Recall is also bounded and indicates perfect prediction when it's 1, but different from precision, it gives intuition about the percentage of actual signals being predicted, i.e. in this case, the probability that you catch an actual appreciation.

1 | re = recall_score(y_test, y_pred) |

`Recall: 0.750`

Although not included in this notebook, we think it is very important and encouraging to mention what these scores mean, compared with when other scoring functions are used in grid searching. As a matter of fact, the average accuracy given by the ensemble model using accuracy or log loss directly is much lower than these figures above. In general, the model prediction accuracy has been improved from 15% - 25% to 60% - 80%, i.e. 2 to 5 times. The effect of introducing this utility-like scoring function for hyperparameter tuning is substantial, though needs further theoretical proofs, of course.

Lastly, let's check this utility value for the testing dataset.

1 | cs = custom_score(y_test, y_pred) |

`Utility: 0.287`

which is thus robust (even higher, in fact) out of sample.
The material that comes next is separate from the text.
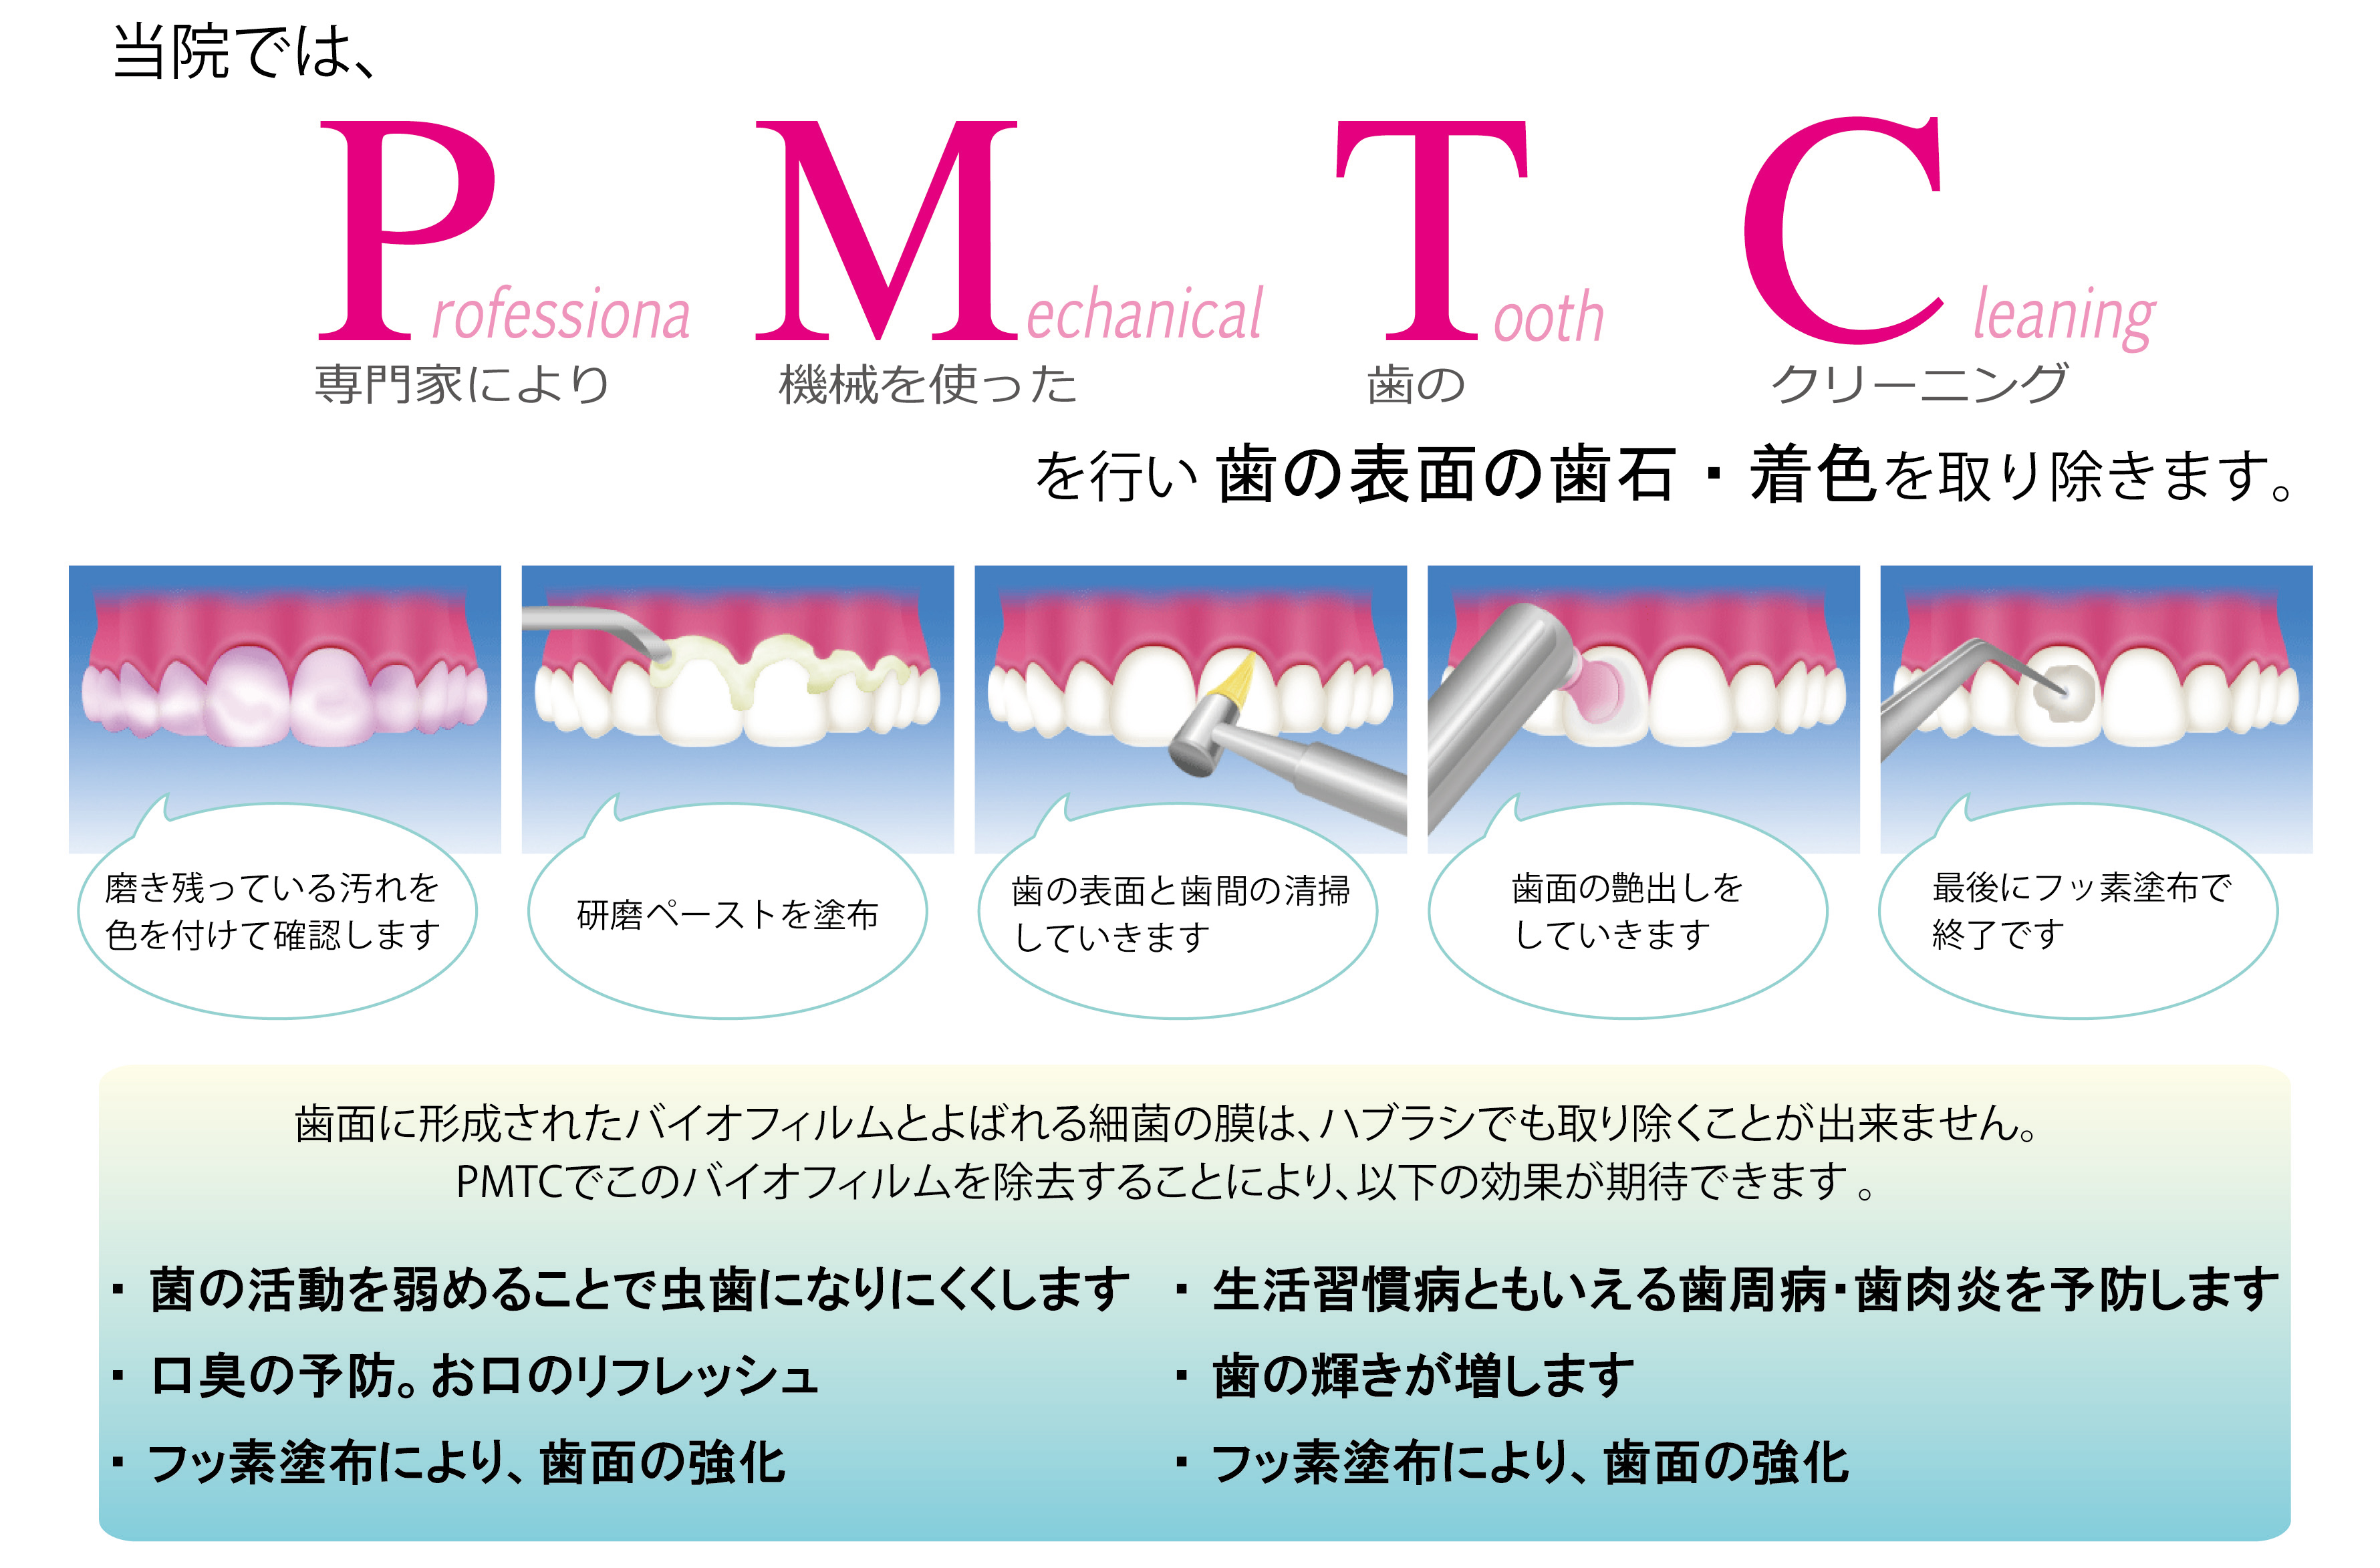 歯 の クリーニング pmtc 料金

## Conclusion and Prospective Improvements

The ensemble model I've just shown above is quite naive, I would say, and is far from "good". The metric is more or less still quite arbitrary and the algorithm is rather slow (so I set window length to 3 from 60 at first, which was intended to train a model on data of 5 years), and thus on an unprofessional platform like Ricequant we're not allowed to run through the whole market and search for a best portfolio -- the most predictable ones. In the backtest strategy I implimented based on this research paper, I only chose 5 stocks arbitrarily from the index components of 000050.XSHG, and this can have an unpredictable downside effect on the model performance. A more desirable idea would be to set up a local backtest environment and implement this process with the help of GPU and faster languages like C++. Moreover, overfitting is possible, very possible, and thus whether it will make a good strategy needs much more work of validation.

## References

- Arrow, K. J. (1965). "Aspects of the Theory of Risk Bearing". The Theory of Risk Aversion. Helsinki: Yrjo Jahnssonin Saatio. Reprinted in: Essays in the Theory of Risk Bearing, Markham Publ. Co., Chicago, 1971, 90–109.
- Pratt, J. W. (1964). "Risk Aversion in the Small and in the Large". Econometrica. 32 (1–2): 122–136.
- Kahneman, Daniel; Tversky, Amos (1979). "Prospect theory: An analysis of decision under risk". Econometrica: Journal of the econometric society. 47 (2): 263–291.
- Chen, T., & Guestrin, C. (2016). "Xgboost: A scalable tree boosting system". In Proceedings of the 22nd acm sigkdd international conference on knowledge discovery and data mining (pp. 785-794). ACM.